[PATCH v2 1/4] usb: typec: ucsi: Fix null deref in trace
From: Jameson Thies
Date: Tue Apr 23 2024 - 21:49:03 EST
From: Abhishek Pandit-Subedi <abhishekpandit@xxxxxxxxxxxx>
ucsi_register_altmode checks IS_ERR on returned pointer and treats
NULL as valid. This results in a null deref when
trace_ucsi_register_altmode is called. Return an error from
ucsi_register_displayport when it is not supported and register the
altmode with typec_port_register_altmode.

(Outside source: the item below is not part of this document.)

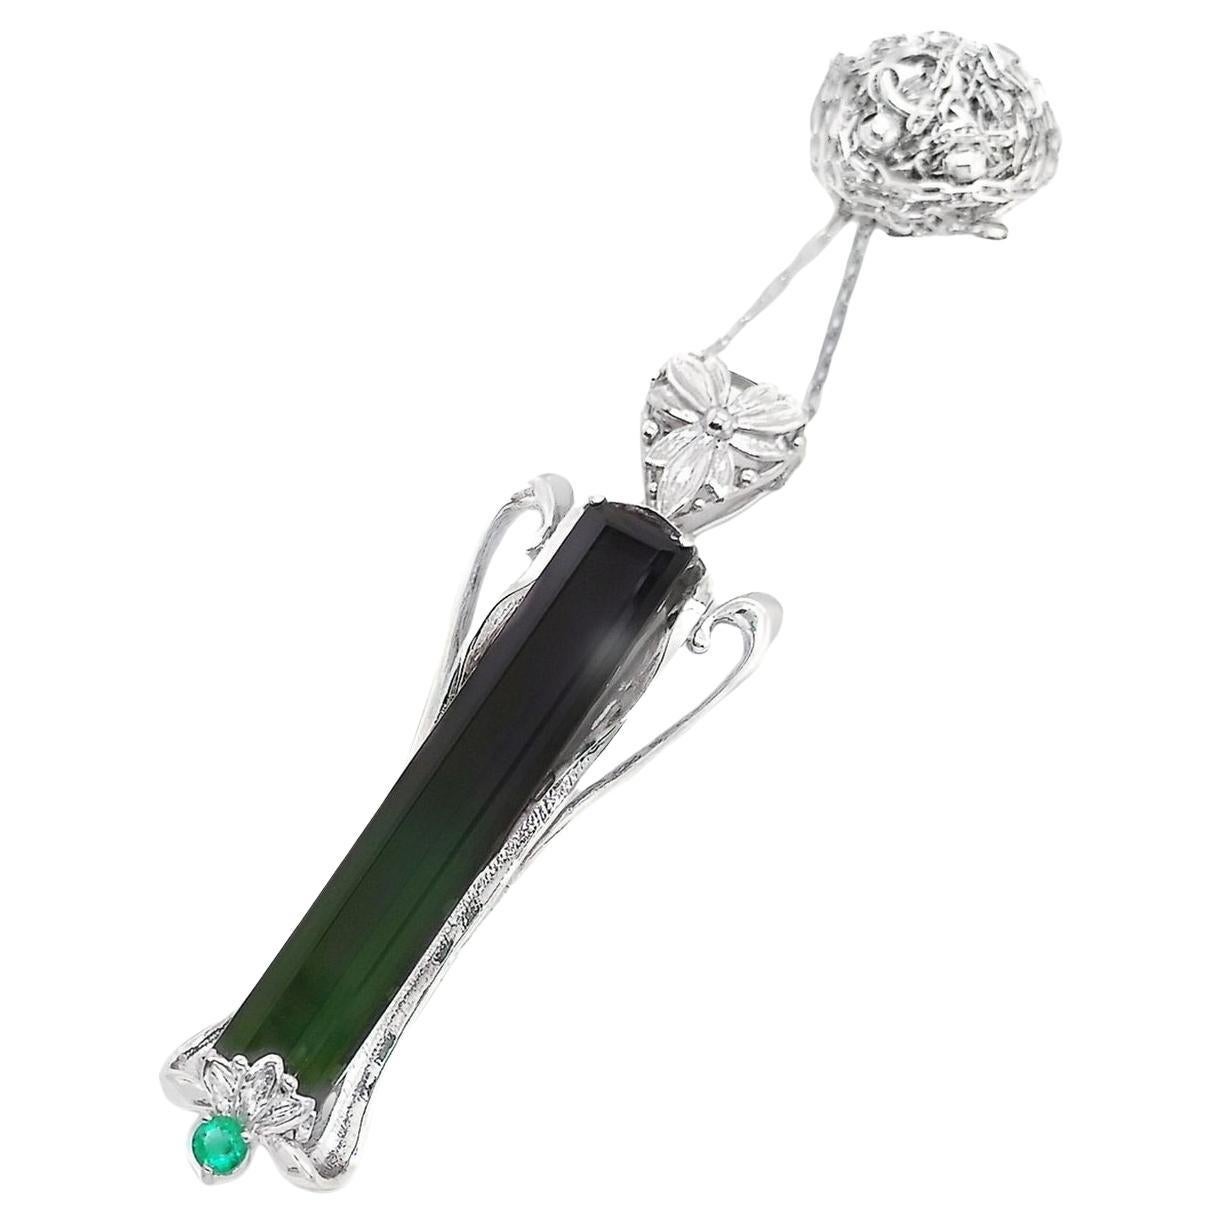 Diese anmutige Halskette mit Anhänger von Top Crown Jewelry ist ein klassisches, minimalistisches Design, das einen natürlichen grünen Turmalin mit einem natürlichen Smaragd kombiniert und jedem Look den perfekten Glamour verleiht.
Die Halskette ist

Reviewed-by: Jameson Thies <jthies@xxxxxxxxxx>
Signed-off-by: Abhishek Pandit-Subedi <abhishekpandit@xxxxxxxxxxxx>
---
Changes in V2:
- Checks for error response from ucsi_register_displayport when
registering DisplayPort alternate mode.
drivers/usb/typec/ucsi/ucsi.c | 3 +++
drivers/usb/typec/ucsi/ucsi.h | 2 +-
2 files changed, 4 insertions(+), 1 deletion(-)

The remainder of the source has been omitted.